Cela conduit, entre autres, à deux constats interreliés. D'une part, les États-Unis souffrent présentement, au palier de leurs deux grandes formations politiques, d'un affaissement du débat public. Quand un parti occupe tous les créneaux, exécutif, législatif et judiciaire, le consensus déferle avant que naisse le débat. C'est ce que vivent les États-Unis présentement. D'autre part, il n'existe aujourd'hui qu'une voie pour ranimer le débat public et rendre la nation à ses doutes et à ses curiosités, celle d'une victoire démocrate au palier du pouvoir exécutif. Alimentée par l'inimitié partisane, la polémique reprendrait vie et les publics s'aligneraient soit sur le président soit sur le pouvoir législatif.

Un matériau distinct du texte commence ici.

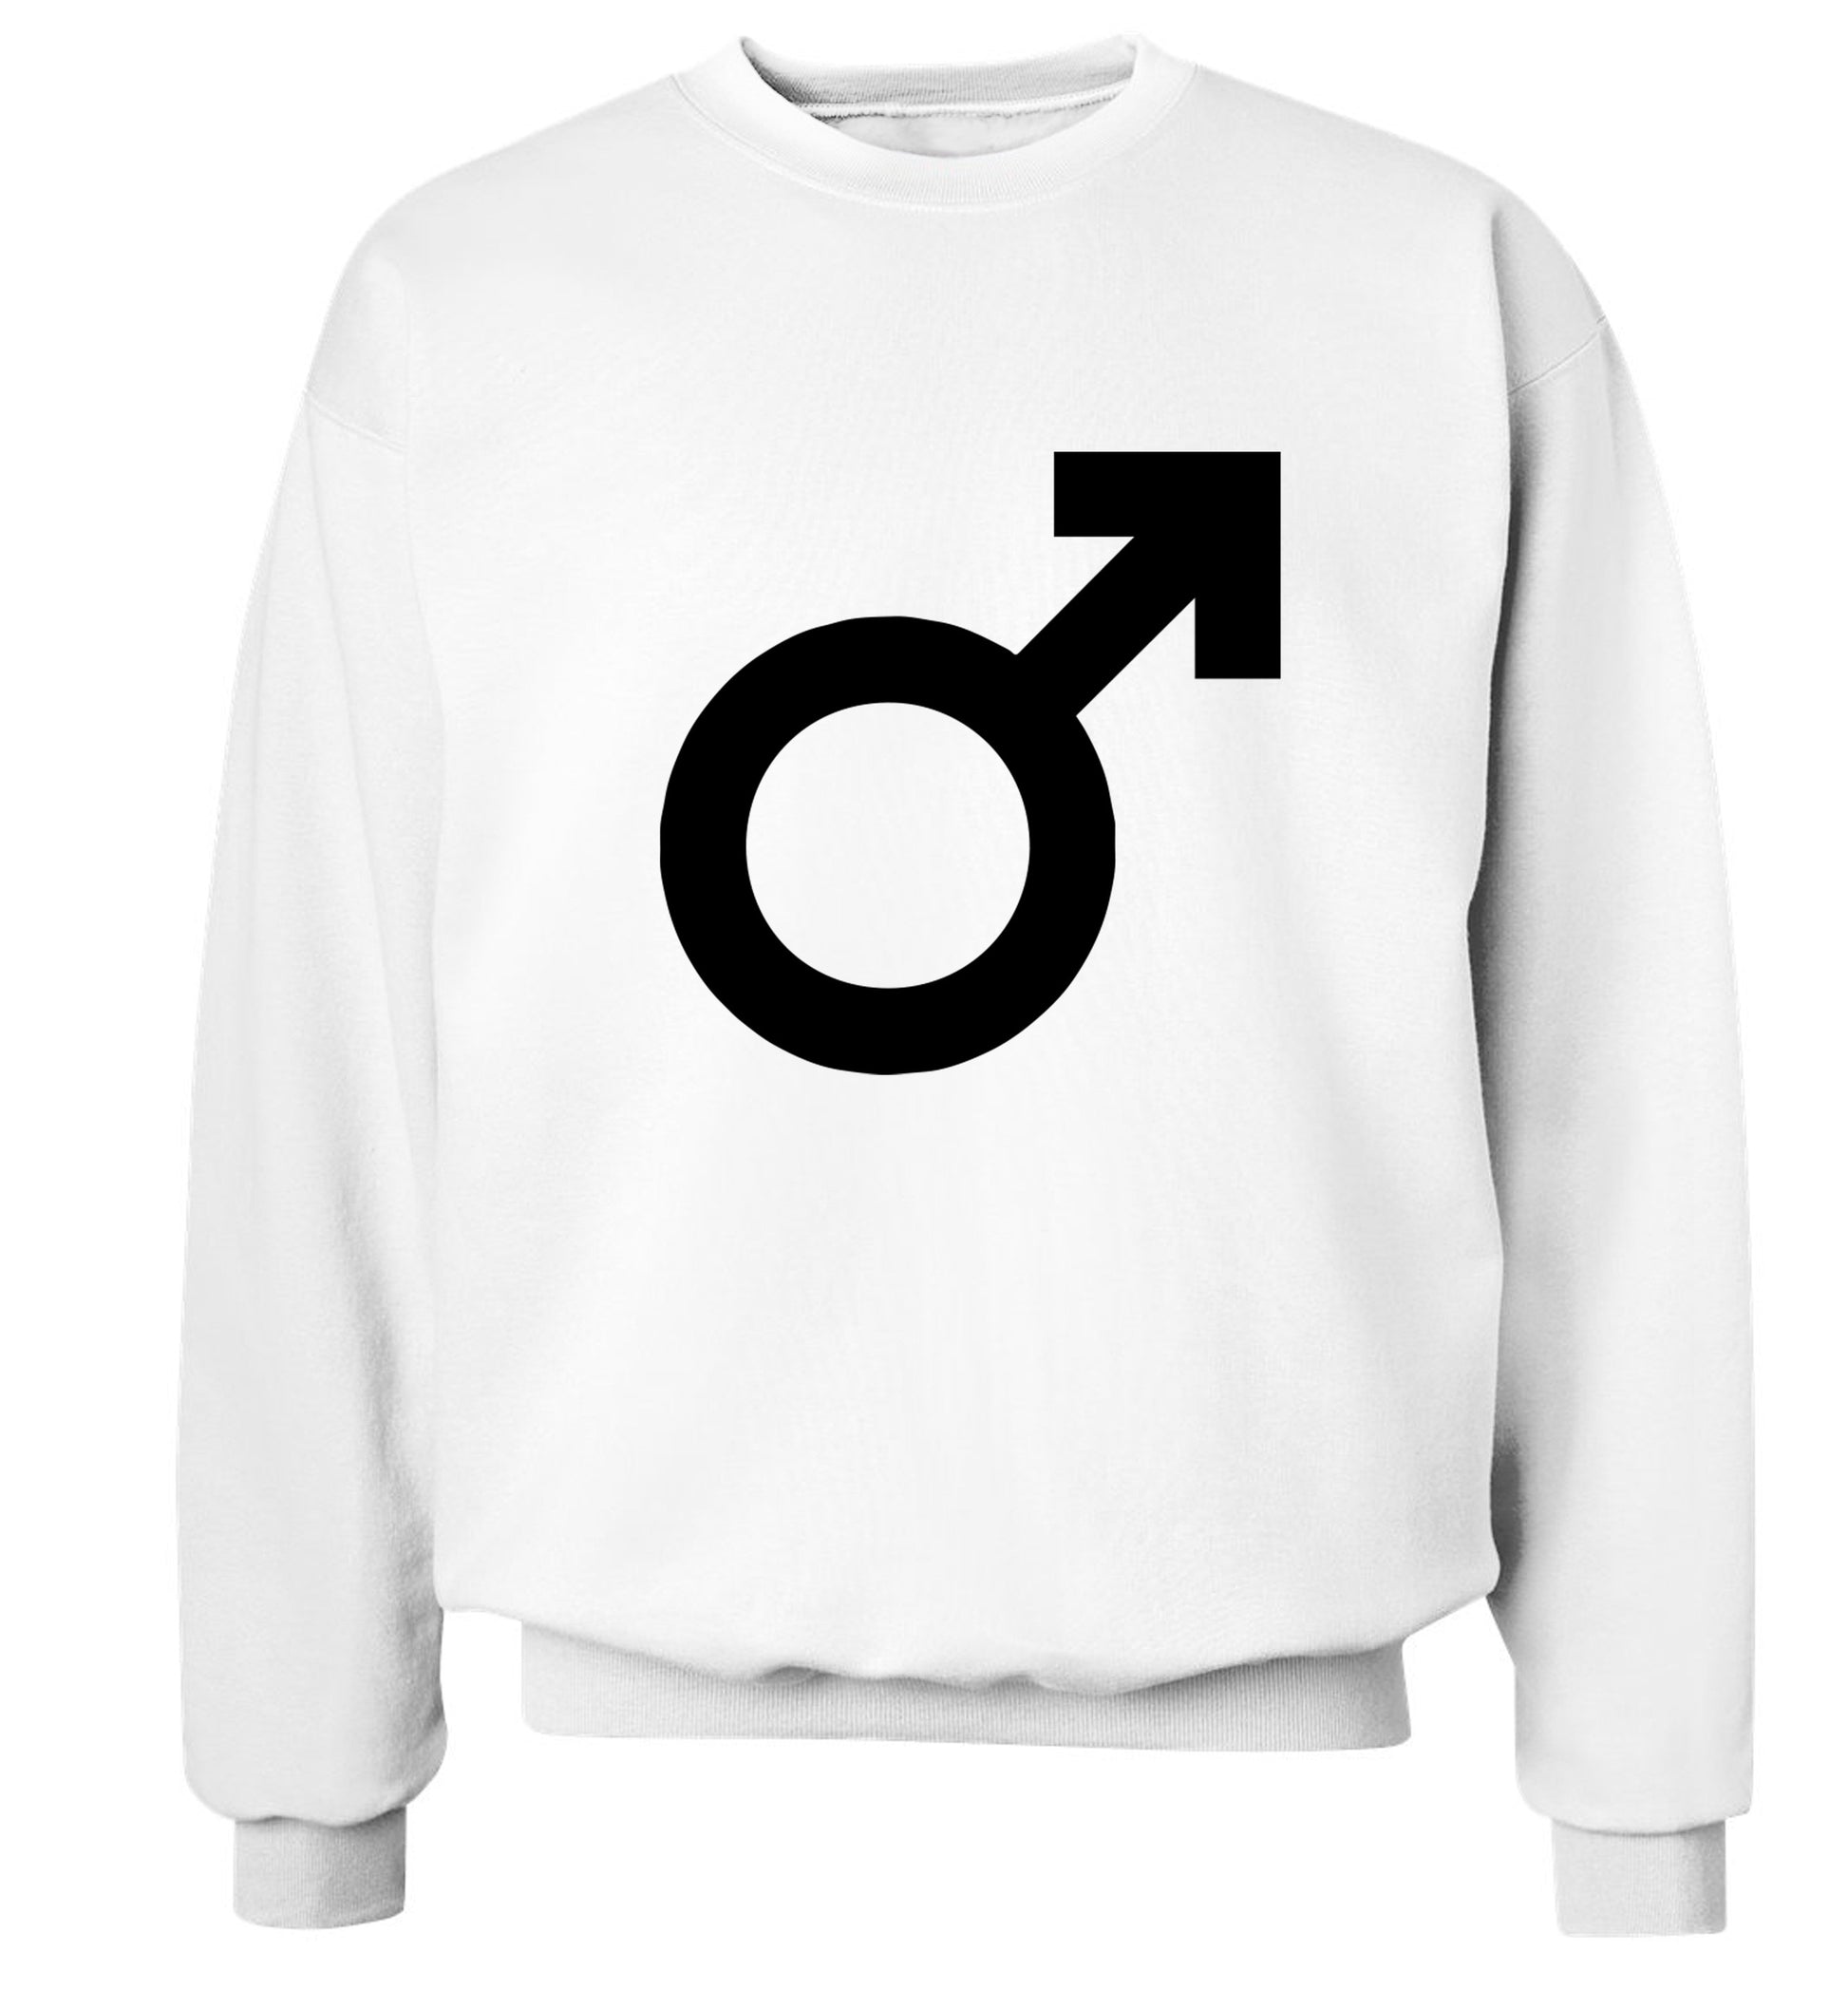 Male symbol large Adult's unisex white Sweater 2XL

Ranimer le débat, ce n'est pas exiger d'une Maison-Blanche démocrate qu'elle inverse subitement la présente trajectoire étatsunienne. Bill Clinton n'a pas obtenu les réformes sociales qu'il prétendait instaurer et l'on peut parier que John Kerry éprouverait quelques difficultés à libérer le pays du complexe militaro-industriel. Le souque-à-la-corde entre un président démocrate et des chambres républicaines recréerait néanmoins les tensions fécondes que souhaitaient les penseurs de l'État étatsunien. Alors que le maintien d'un contrôle républicain sur tous les leviers de commande amplifierait les propensions des États-Unis à un comportement hégémonique.

Même si tout était égal par ailleurs, mieux vaut une présidence échappant à l'actuel nivellement républicain. Pour une fois, la structure mériterait plus d'attention.

Laurent Laplante

P.S. Il y a cinq ans ces jours-ci, à l'appel de Jean-Pierre Cloutier, nous nous lancions, Mychelle Tremblay et moi, dans l'aventure des Dixit. Parfois essoufflés, toujours convaincus de l'utilité du débat public, nous persévérons depuis ce moment-là. Que soient remerciés ceux qui partagent notre conviction!